Neither the department or Insurance Ireland would say whether State-provided flood insurance was being considered.
“There is a gap but it’s 5 per cent which is low by international standards and there are a few components to reducing it,” said Insurance Ireland spokesman Michael Moran.
“Not building on flood plains, building flood defences, making homes more flood resilient with tiled floors and raising electrical sockets – all those will help.”
Property owners often hold the anecdotal belief that they will not get flood insurance within 100 metres of a waterway but Moran was coy.
“Insurance companies make their own individual underwriting decisions,” he says. “There is no generic kind of rule like that.”
Keating is not keen to find out. “I have flood insurance but I don’t know if I’ll claim off it,” he says.
“I didn’t the last time and if I claim, my premium will go way up – if they even agree to insure me again.”
The issues Storm Chandra brought to the fore have been well flagged with extreme rainfall previously considered a one-in-100 year probability now happening much more frequently.
The National Climate Change Risk Assessment published by the Environmental Protection Agency last summer warns Ireland will see “an increase in the frequency and severity of river, surface water, and groundwater flooding events”.
“Due to the prevalence of hard surfaces which exacerbate flood risk, the built environment is considered particularly exposed to flood-related impacts, with transport infrastructure and buildings highly exposed.”

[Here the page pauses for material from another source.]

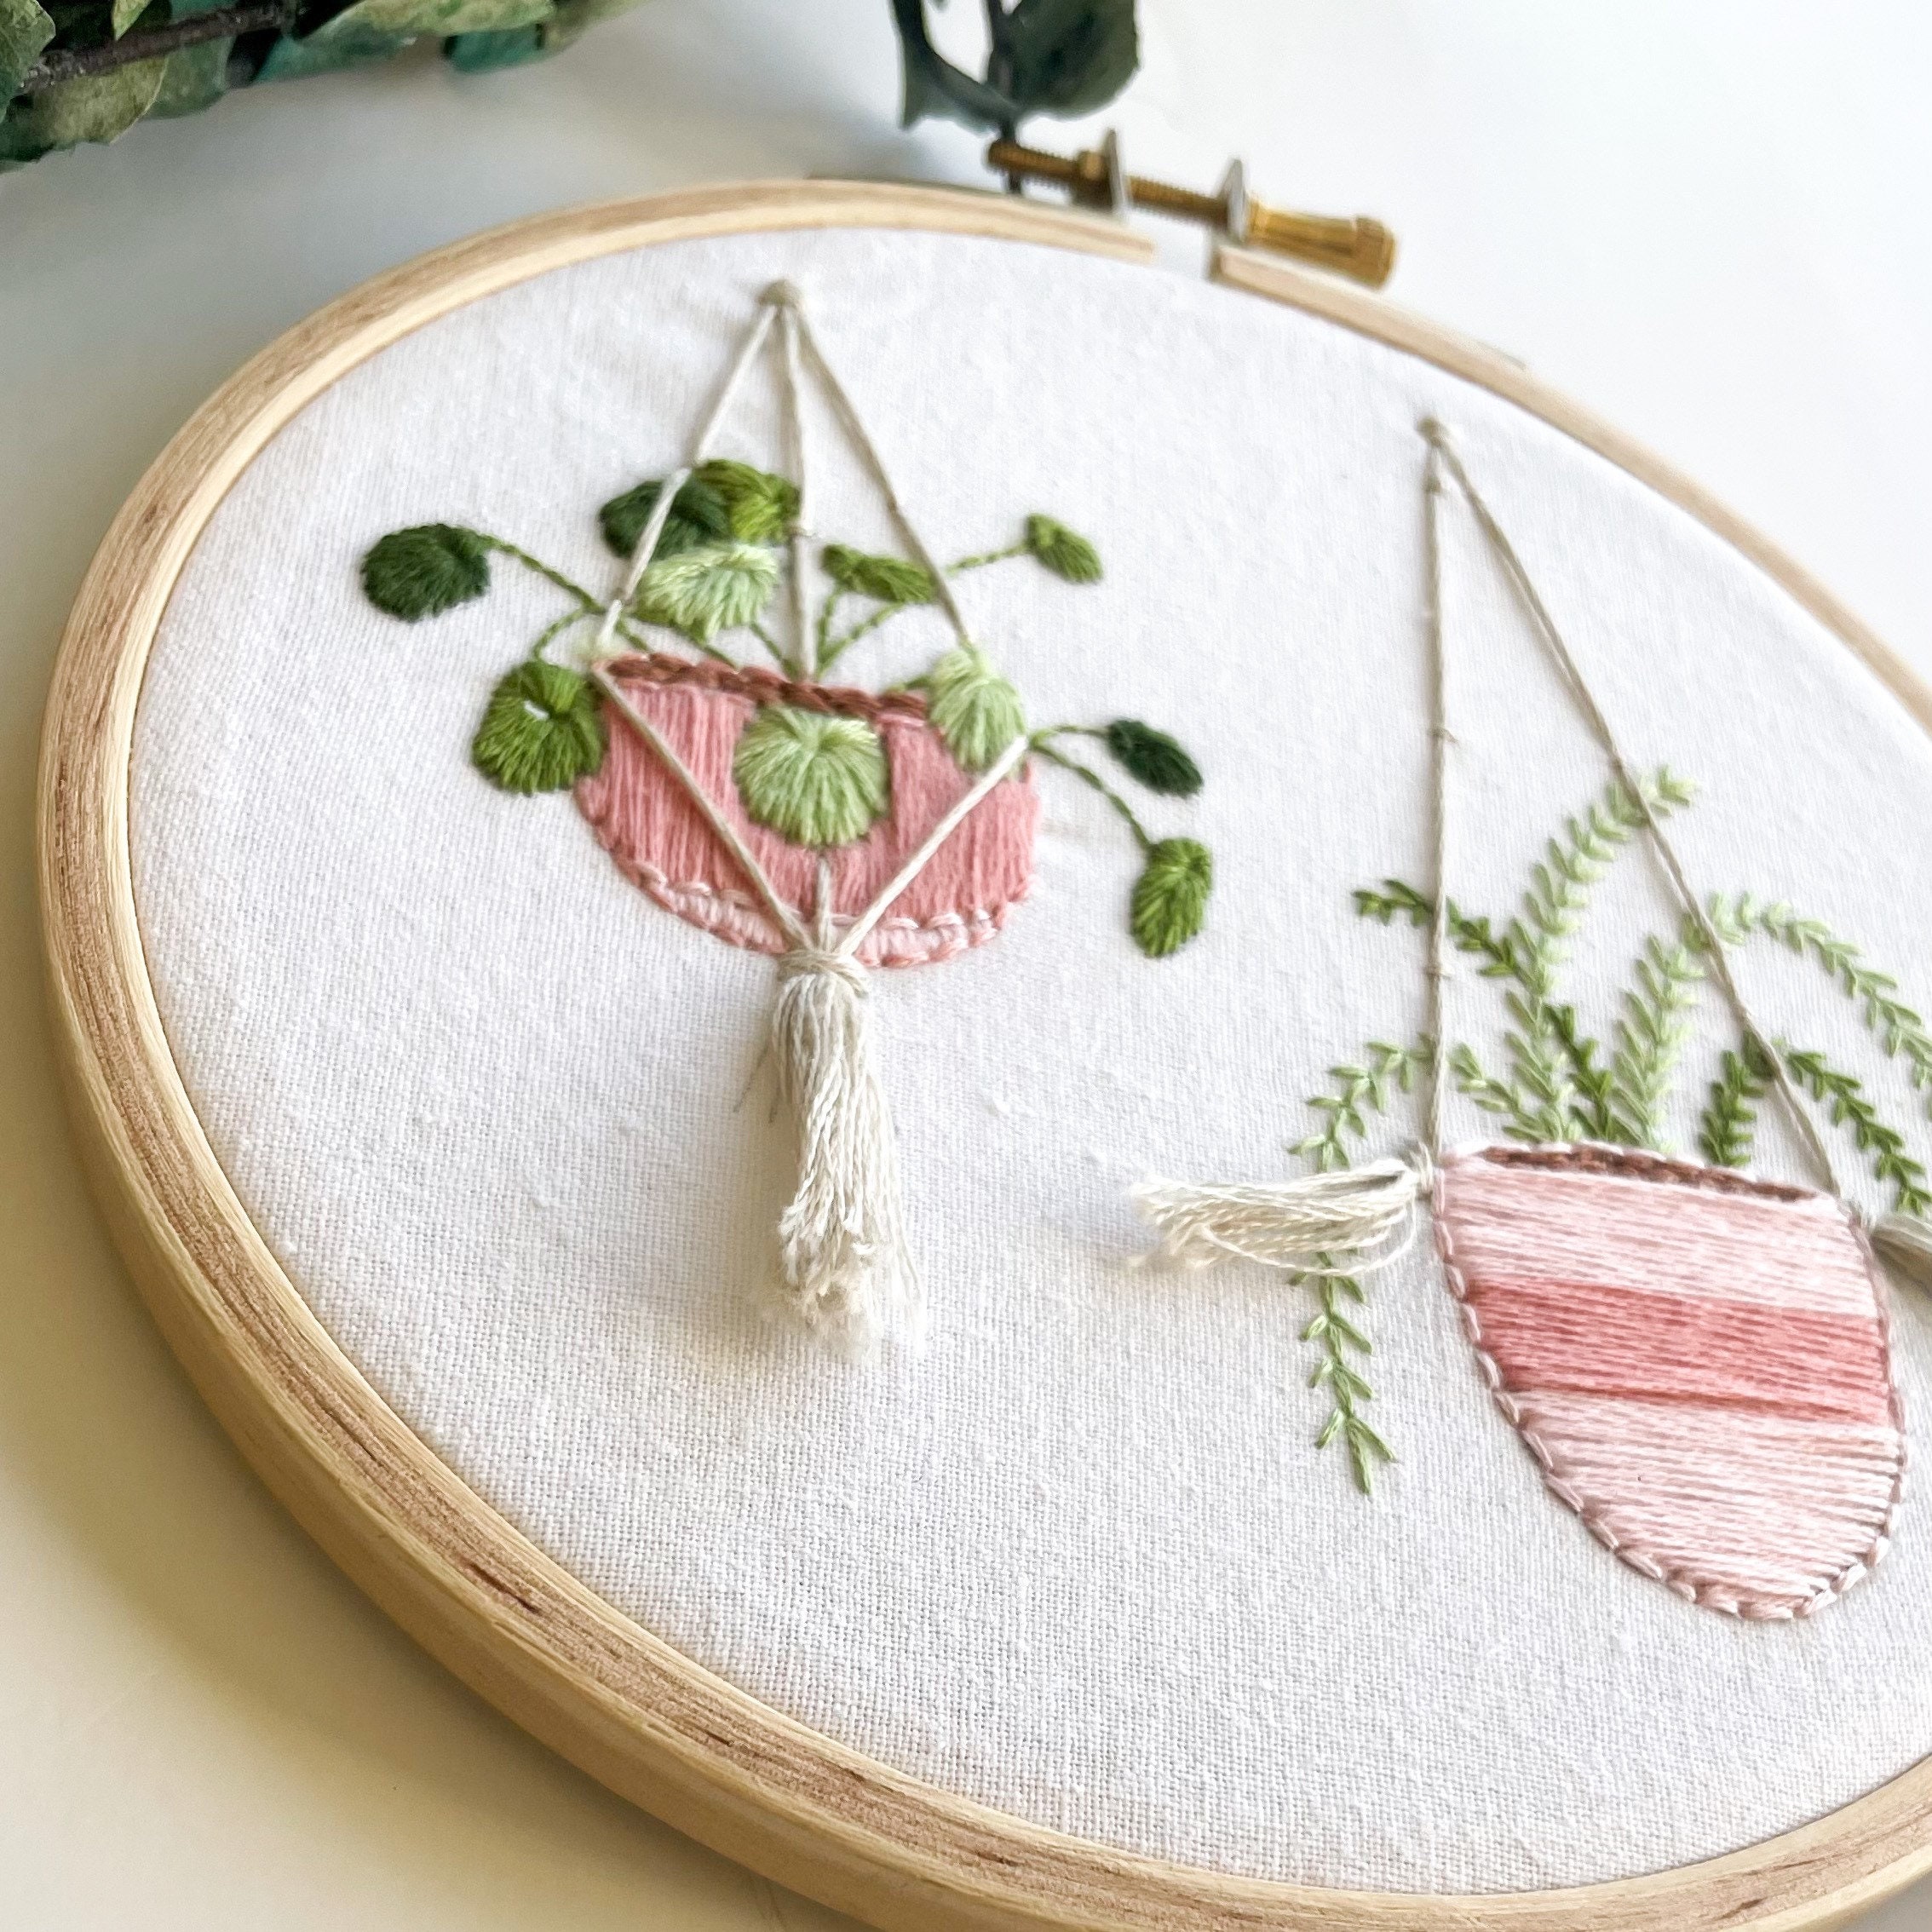 45+ Embroidery Gift Ideas (The BEST Gifts for Embroiderers!) - Adventures  of a DIY Mom

Alarmingly, it sees these risks “increasing to critical by mid-century, with potential to reach catastrophic levels of consequence by the end of the century”.
“I don’t really know what way to think about all of this,” says Keating.
“It was a no-brainer for us to build here because we had the site and it’s beside family but would I advise anyone else?
“I don’t know. We have rivers and streams everywhere. Unless you’re going to live on a mountaintop I don’t know is anyone completely safe.”